Write equation (II) for the radius corresponding to quantum number $n$.

  $r_n=\frac{n^2{\hslash }^2}{G{M}_S{M}_E^2}$                                                                                                    (III)

Here, $r_n$ is the radius of $n^{th}$ orbit.

Rewrite the above equation by substituting $n$ with $n+1$.

  $r_{n+1}=\frac{{\left(n+1\right)}^2{\hslash }^2}{G{M}_S{M}_E^2}$                                                                                                (IV)

Here, $r_{n+1}$ is the radius of ${\left(n+1\right)}^{th}$ orbit.

Subtract equation (III) from equation (IV) to find the separation between orbits.

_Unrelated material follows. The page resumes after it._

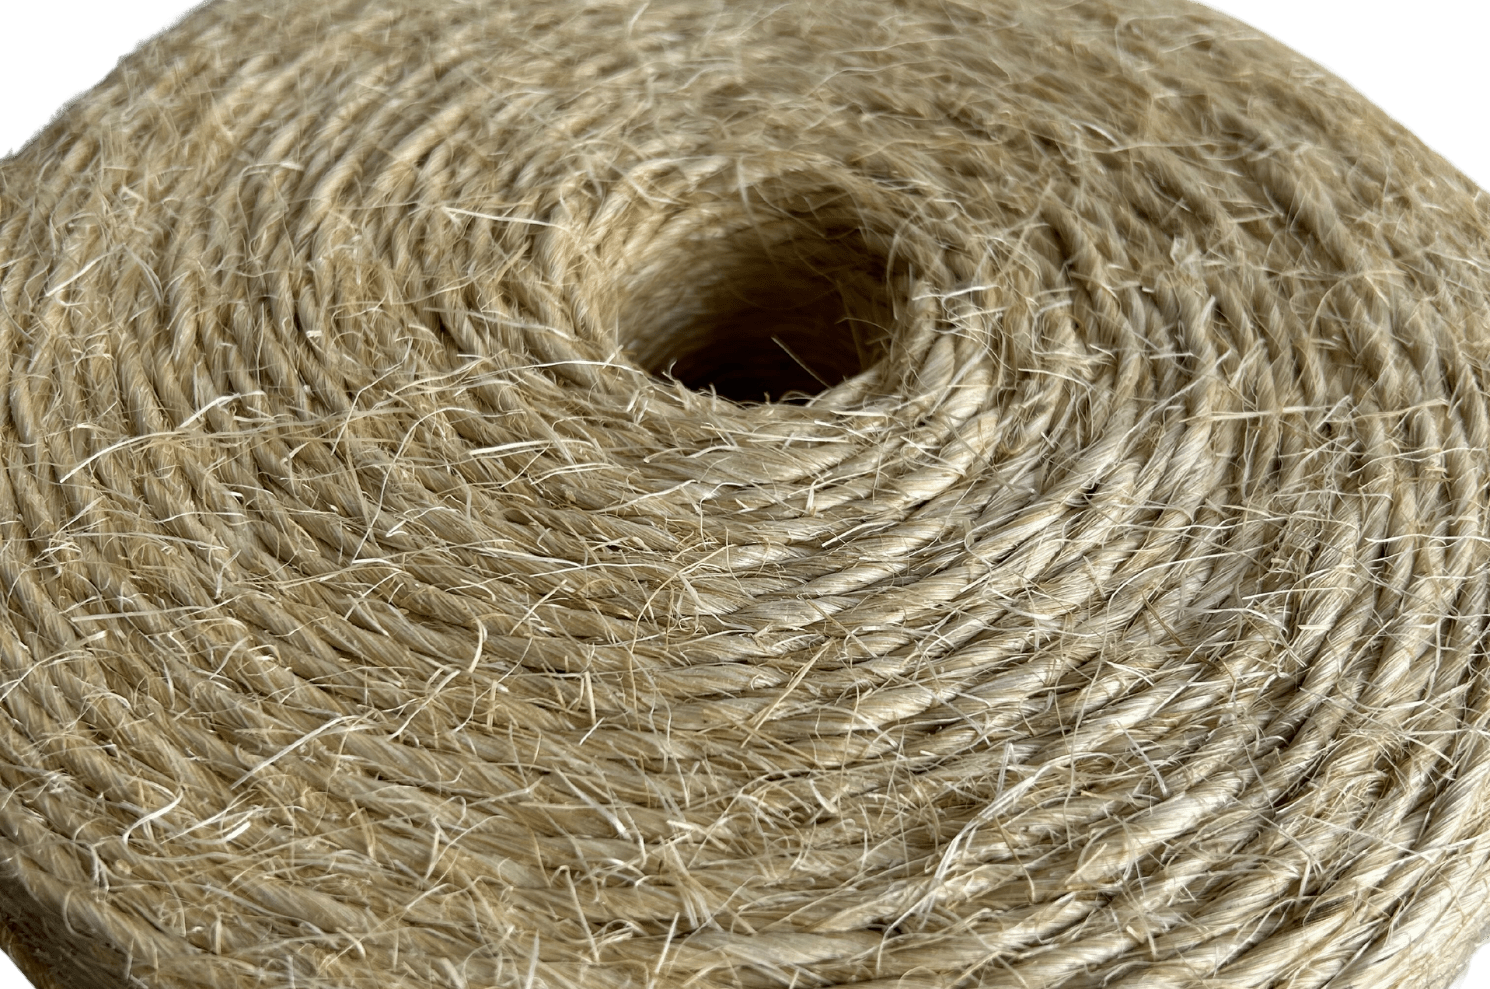 Ficelle agricole en Sisal (fibres naturelles) - La Croix Noble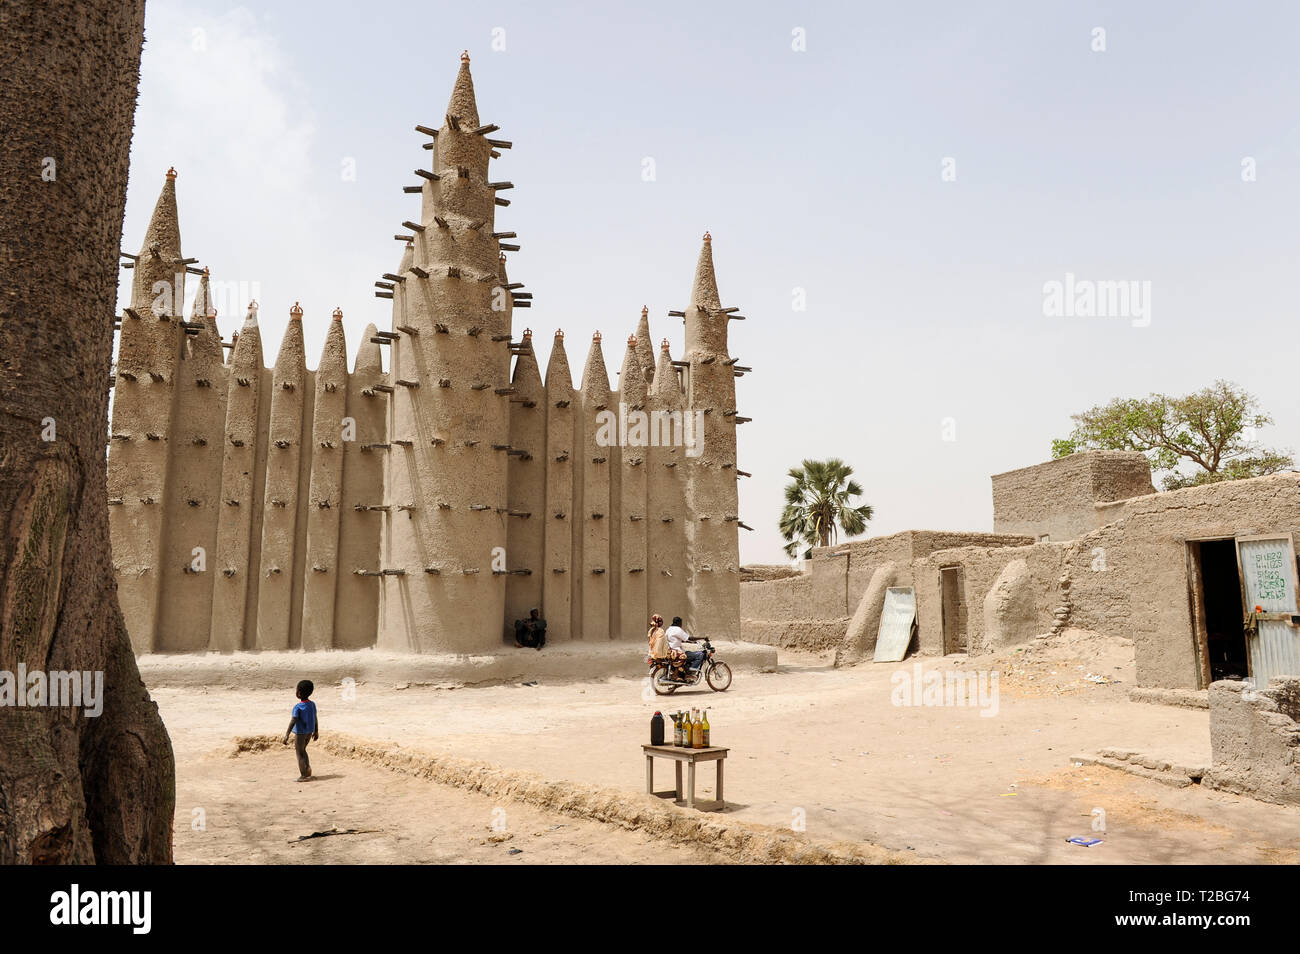 MALI, Mopti, Moschee aus Lehm gebaut, brennstoffflasche für Verkauf Stockfoto

    $\begin{array}{c}\Delta r=\frac{{\left(n+1\right)}^2{\hslash }^2}{G{M}_S{M}_E^2}-\frac{n^2{\hslash }^2}{G{M}_S{M}_E^2}\\ =\frac{{\hslash }^2}{G{M}_S{M}_E^2}\left(n^2+2n+1-n^2\right)\\ =\frac{\left(2n+1\right){\hslash }^2}{G{M}_S{M}_E^2}\end{array}$

Neglect the value $1$ in the above expression due to the too high value of $n$.

  $\Delta r=\frac{2n{\hslash }^2}{G{M}_S{M}_E^2}$

Conclusion:

Substitute $6.67\times {10}^{-11}\text{N}\cdot {\text{m}}^{\text{2}}/{\text{kg}}^{\text{2}}$ for $G$, $1.99\times {10}^{30}\text{kg}$ for $M_S$, $1.496\times {10}^{11}\text{m}$ for $r$, $5.98\times {10}^{24}\text{kg}$ for $M_E$, $1.055\times {10}^{-34}\text{ J}\cdot \text{s}$ for $\hslash$ , and $2.53\times {10}^{74}$ for $n$ in the above equation to find $\Delta r$.

  $\begin{array}{c}\Delta r=\frac{2\left(2.53\times {10}^{74}\right){\left(1.055\times {10}^{-34}\text{ J}\cdot \text{s}\right)}^2}{\left(6.67\times {10}^{-11}\text{N}\cdot {\text{m}}^{\text{2}}/{\text{kg}}^{\text{2}}\right)\left(1.99\times {10}^{30}\text{kg}\right)\left(5.98\times {10}^{24}\text{kg}\right)}\\ =1.18\times {10}^{-63}\text{ m}\end{array}$

Therefore, the distance between orbits corresponding to quantum number $n$ and $n+1$ is $1.18\times {10}^{-63}\text{ m}$.

(d)

To determine

Importance of results obtained part (b) and (c).

Answer to Problem 76AP

Since the separation between orbits is too small in comparison with the radii of atomic nuclie, it is impossible to observe the quantized orbits of Earth.

Explanation of Solution

The result obtained in part (c) is $1.18\times {10}^{-63}\text{ m}$. The average radius of an atomic nuclei is ${10}^{-15}\text{m}$. It can be seen that the value $1.18\times {10}^{-63}\text{ m}$ is too smaller than ${10}^{-15}\text{m}$, practically it is quite difficult to observe the individual orbits.

Therefore, since the separation between orbits is too small in comparison with the radii of atomic nuclie, it is impossible to observe the quantized orbits of Earth.